FOLLOWUP: After open houses for new West Seattle Junction park, you can now vote online for your favorite design

Whether or not you made it to one of Thursday’s open houses for the new West Seattle Junction park (4700 block of 40th SW), you might be interested in the next step – the online survey you can use to see and choose which of the three designs you like best. Just got word from Seattle Parks‘ Karimah Edwards that the survey is now available online. The survey page also gives you a closeup of each design option, and has links to the “virtual tours” – Option 1 is here, Option 2 is here, Option 3 is here. The park will be on two-thirds of an acre that the city bought five years ago and “landbanked” until now; $1.9 million from Park District levy proceeds is budgeted to develop it, with construction expected next year.

12 Replies to "FOLLOWUP: After open houses for new West Seattle Junction park, you can now vote online for your favorite design"

  • ACG February 3, 2018 (12:55 pm)

    I’m late to the party here… could someone please describe where this is located?  I googled the 4700 block of 40th SW, but still am unsure exactly where this park is going. Thanks!

    • WSB February 3, 2018 (1:40 pm)

      North of Broadstone Sky. Across from the west side of the Masonic Hall. Where the tents used for temp Fire Station 32 are. Does that help?

    • Pip February 3, 2018 (1:46 pm)

      It’s going where the temporary fire station used to be (the big white tents), between Edmonds and Alaska; right next door to the Sound and Fog coffee shop.

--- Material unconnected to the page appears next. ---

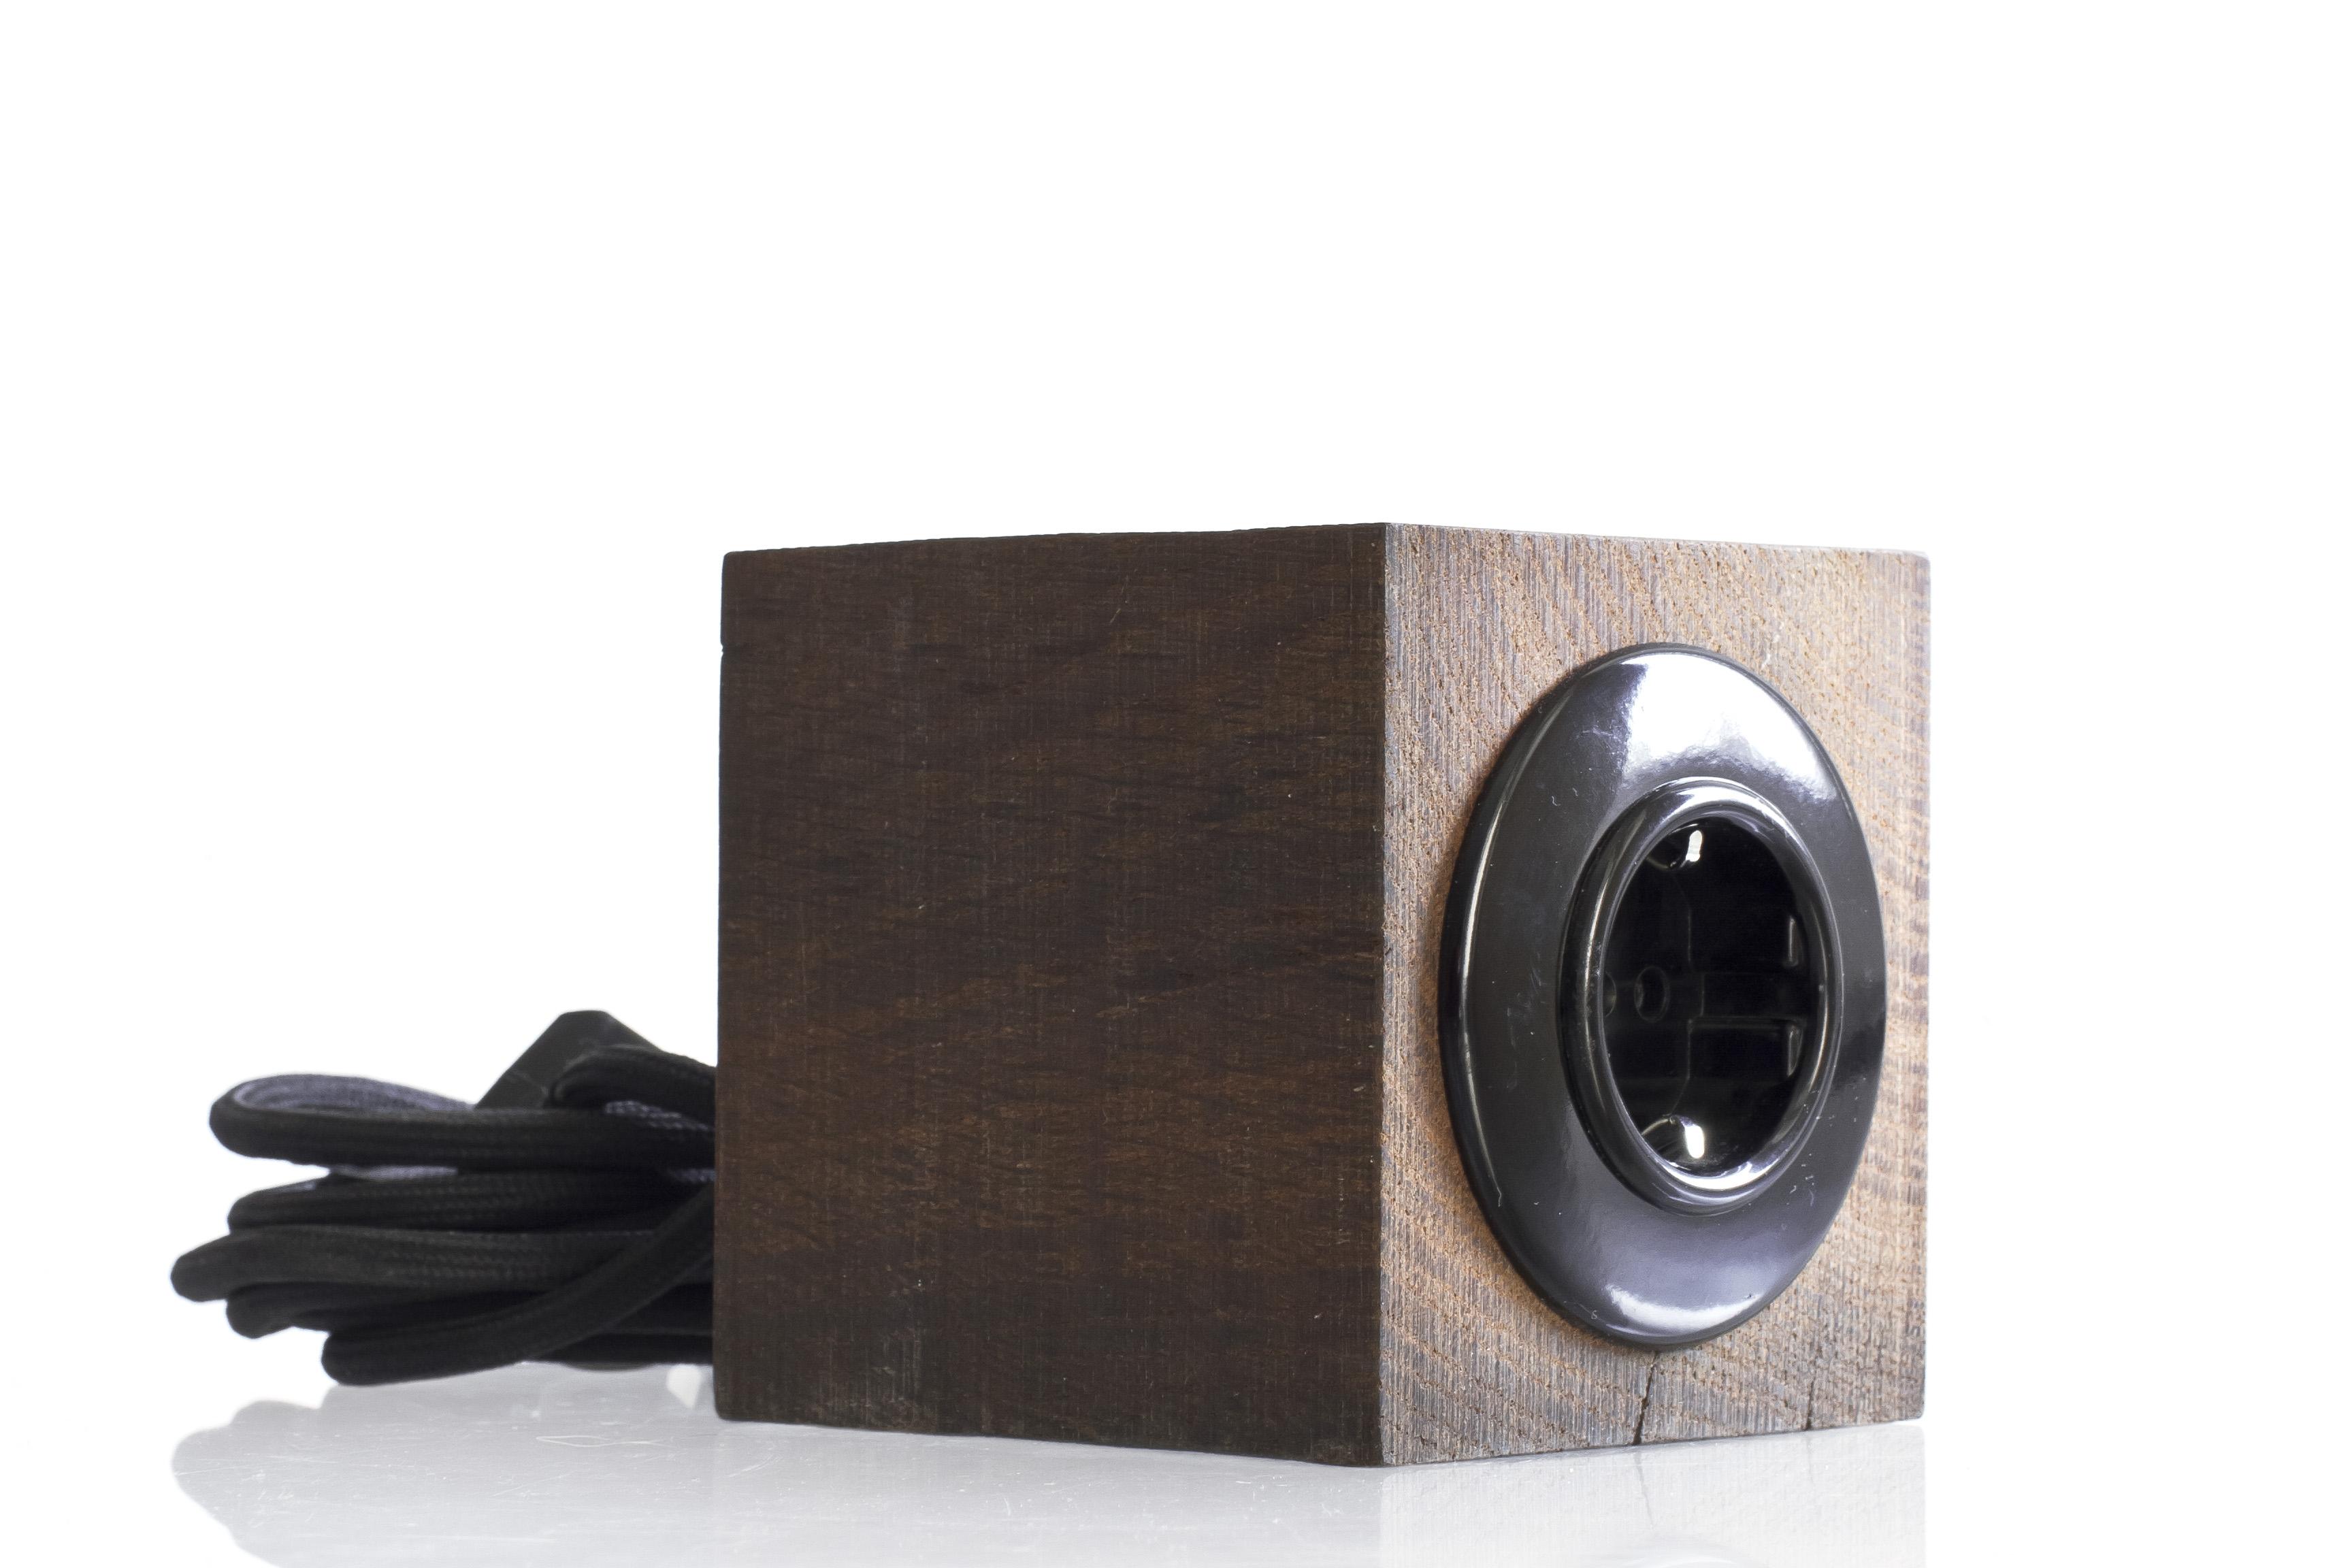 onktokatuh f r eine schoenere welt. Black Bedroom Furniture Sets. Home Design Ideas

      • ACG February 3, 2018 (9:32 pm)

        WSB and PIP-

        Yes, that helps a lot. Thank you!!

  • mikekey February 3, 2018 (4:26 pm)

    What kind of plans are in place to patrol this park, which is kind of off the beaten path, to keep people from camping out or doing illegal drugs, etc.  Will there be restroom facilities?  If these concerns have been covered, please direct me to the proper site.  Thanks.

    • WSB February 3, 2018 (4:50 pm)

      No, there is not a restroom in the plan. No, it’s not off the beaten path, really – it’s surrounded by buildings with many hundreds of residents (Broadstone Sky, The Whittaker, and I don’t know the name of the building immediately west) and close to ever-busier SW Alaska and SW Edmunds. Even Junction Plaza Park doesn’t have that many potential eyes on it.

  • Jeannie February 3, 2018 (5:02 pm)

    I’m almost ready to vote “None of the above.” Option1 is boring, with ugly and useless “sculpture,” and are people really going to sprawl or slouch on that wooden platform thing? Option 3 has a lot of uncomfortable-looking backless “benches” – not good for people’s backs or postures. though I guess it’s okay if you spend all your leisure time hunched over a tablet. I guess 2 is the best of the lot, because it has that boardwalk-looking feature and seems the most natural. Which of these options has plantings most likely to attract birds as well as people? 

    • WSB February 3, 2018 (6:08 pm)

      All of them, according to our discussions at the open house. Butterflies, birds…

  • Ursula February 4, 2018 (12:13 pm)

    We need another meeting as this one was in conflict with the SDOT meeting about ST3 coming to WS as well as HALA and Fauntleroy Blvd Project, (which was canceled during the meeting time).

    I cannot decipher the landscape archetect plans without questions and answers.  Need far better community outreach for such an enduring project!

    • WSB February 4, 2018 (12:23 pm)

      Sorry you couldn’t make it but no, it wasn’t in conflict with any meeting. (Trust me, since we cover almost every public meeting held in West Seattle, year round, we keep a master calendar of everything that’s going on as well as publishing daily previews!) SDOT hasn’t had a meeting about ST3 (ST3’s open house is coming up February 13th) and JuNO’s discussion of HALA was the night before, January 31st. (The Fauntleroy Boulevard project hasn’t been canceled but it was put on hold, and not during the JuNO meeting – SDOT’s announcement was earlier in the afternoon; we published our story before 4 pm.) The park meetings were 11:30 am-1 pm and 5:30-7 pm on Thursday, February 1st. If you have questions you can also directly contact the project team, whose e-mail/phone info is on the project page linked in our story – TR

  • Matt February 8, 2018 (8:22 pm)

    Thanks Tracy for posting!  Excited to have another park, especially for those apartment dwellers right around there.  It will be well loved, and can’t happen soon enough! 

  • chemist February 12, 2018 (6:00 pm)

    and the survey is now closed.  Business day, not midnight shutoff.